Like, when a bank originates a mortgage, that mortgage gets traded, much like private debts don’t.

plagiarist•32m ago
Government removes regulations, economy collapses, government bails out the wealthy, quants get ski trips and bonuses while families starve.
NickC25•27m ago
And to make matters worse, those who remove regulations then get voted out, but show up on infotainment "opinion" shows disguised as news broadcasts....and whine that those who were voted in to fix the mess aren't fixing the problem fast enough, so those who caused the problem should be voted back in. And lo and behold, they get voted back in, to cause more damage.
voidfunc•24m ago
Its a big beautiful system!
sciencesama•20m ago
Democracy
butterlesstoast•12m ago
I picked a bad time to rewatch Mr. Robot
derektank•8m ago
It’s more accurate to say that the private credit market was created by the government adding new regulations, not removing them. Business development corporations have existed since the 80s but they didn’t explode in popularity as business loan originators until Dodd Frank and other post-2008 regulations made it more difficult for banks to lend money. This led to small and medium size businesses to seek out credit from firms like Ares et al instead.
kelp6063•31m ago
Unless I'm misunderstanding something, this isn't that big of a number in the larger scale of US banking; According to the numbers in the article that's only about 2.5% of all bank lending (300B/1.2T, with the 1.2T being ~10%)
JumpCrisscross•21m ago
> this isn't that big of a number in the larger scale of US banking

It's not. It's just that we're seeing potentially 10% losses on the portfolio level [1], which could imply up to 5% losses to the banks' loans to those lenders.

Again, tens of billions of dollars of losses are totally absorbable. But Morgan Stanley's stock price took a hit when it gated one of these funds [2]. And some banks (Deutsche Bank, somehow, fucking again, Deutsche Bank) have small ($12n) but concentrated portfolios where a wipeout could cause material impairment to their ~$80bn of risk-weighted assets.

[1] https://www.reuters.com/business/us-private-credit-defaults-...

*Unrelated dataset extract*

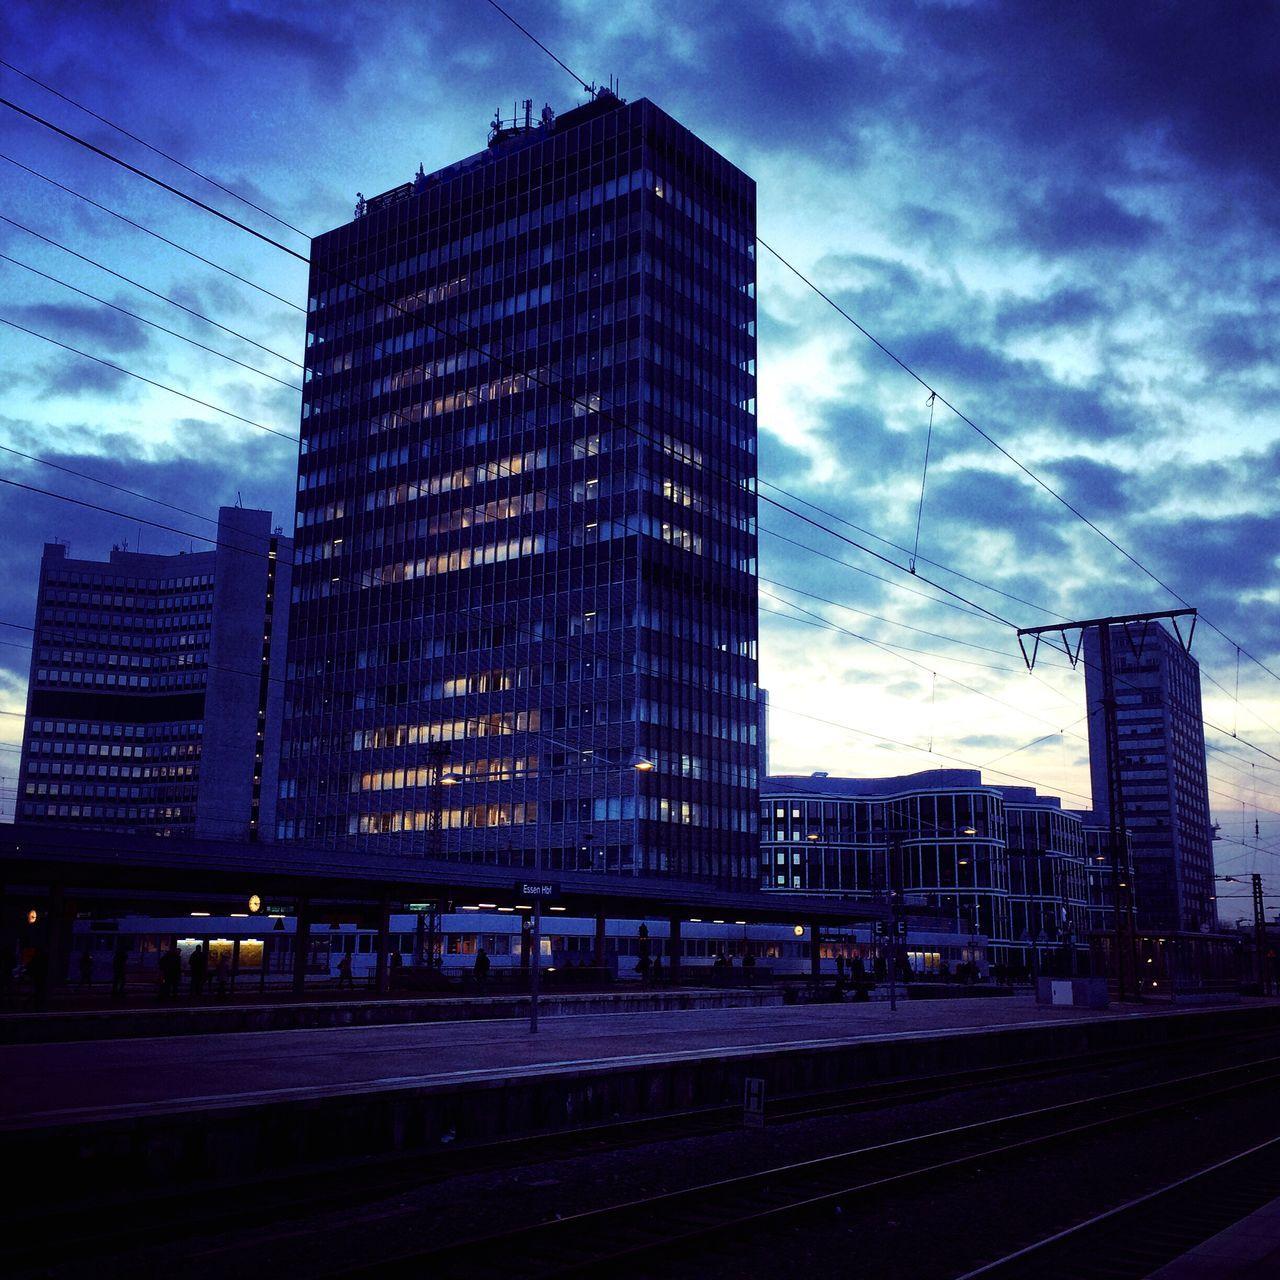 Evening mood in Essen First Eyeem Photo Domestic Terminal
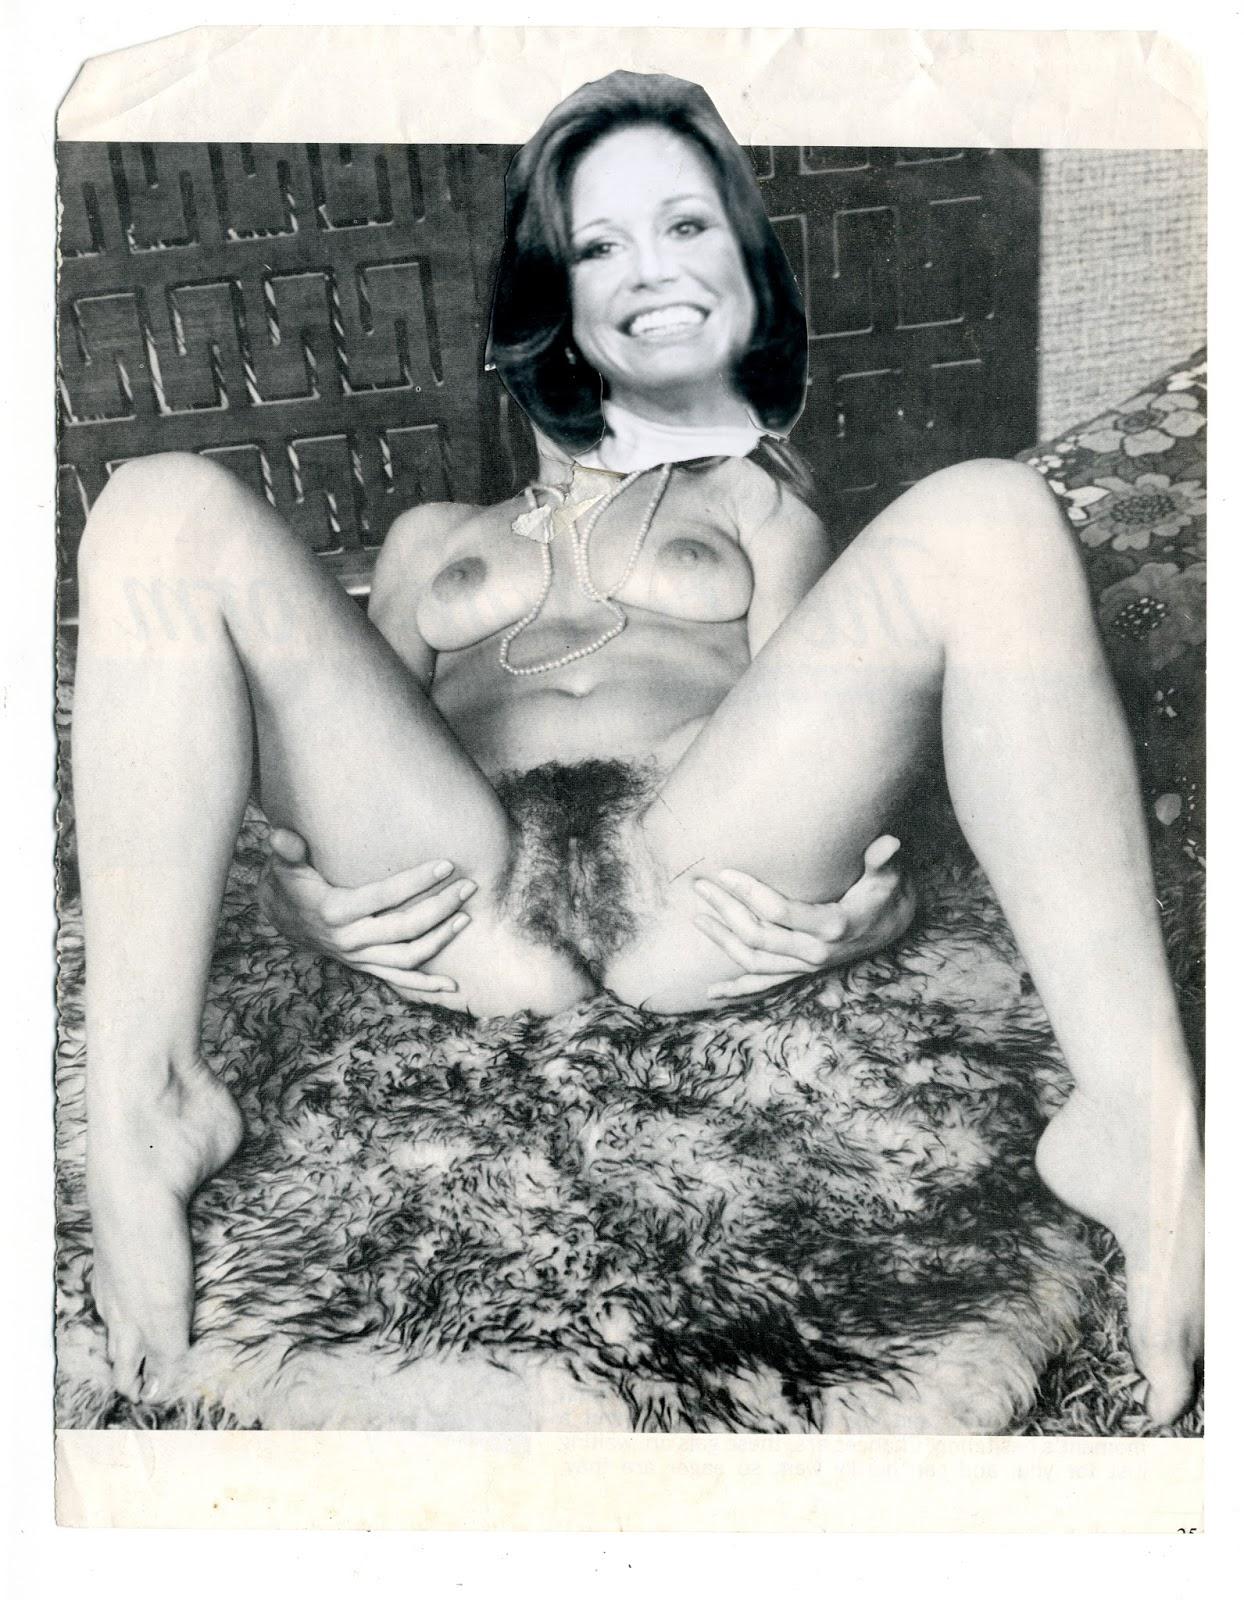 Xxx Mary Tyler Moore Porn Lesbian Videos 60

[2] https://www.wsj.com/livecoverage/stock-market-today-dow-sp-5...

fastball•21m ago
Off by an order of magnitude.
rchaud•18m ago
Washington Mutual had $307 billion in assets, and one credit downgrade and a bank run of $16 billion in September 2008 was enough to get them shut down.

These private credit numbers are estimates provided by Moody's, who were famously clueless about the scale of mortgage bond risk even as they stamped them all with a AAA rating.

boringg•5m ago
25% not 2.5%. 300 B / 1.2 T = 25%
rvz•24m ago
Looks like we have another problem in the banking system once again, even before AGI has even been fully realized.

Let's see how creative the banks will get to attempt to escape this conundrum. But until then...

Probably nothing.

NickC25•7m ago
>Let's see how creative the banks will get to attempt to escape this conundrum.

They don't need to get creative, they just need to buy congress or the administration. Same as they've done every time things get messy.

And you know what? It works every time.

Tesl•6m ago
One guy has twice as much money as that. Can't be a big deal.
ploden•6m ago
> the top five lenders in the private credit market include Wells Fargo, which leads the way with $59.7bn (£44.8bn) in lending

anything Wells Fargo leads in must be bad

adabyron•5m ago
Highly recommend listening to past episodes on The Real Eisman Playbook podcast for more info on this topic & banking in general.

https://podcasts.apple.com/bz/podcast/the-real-eisman-playbo...

He's one of the "Big Short" guys but more importantly he has great guests on. Everyone is trying to teach & inform, not sell.

He's been calling this risk out for over a year, especially once the White House started trying to allow retirement accounts access to private credit. For a lot of people that was the big alert, even before Jamie Dimon said he saw "cockroaches".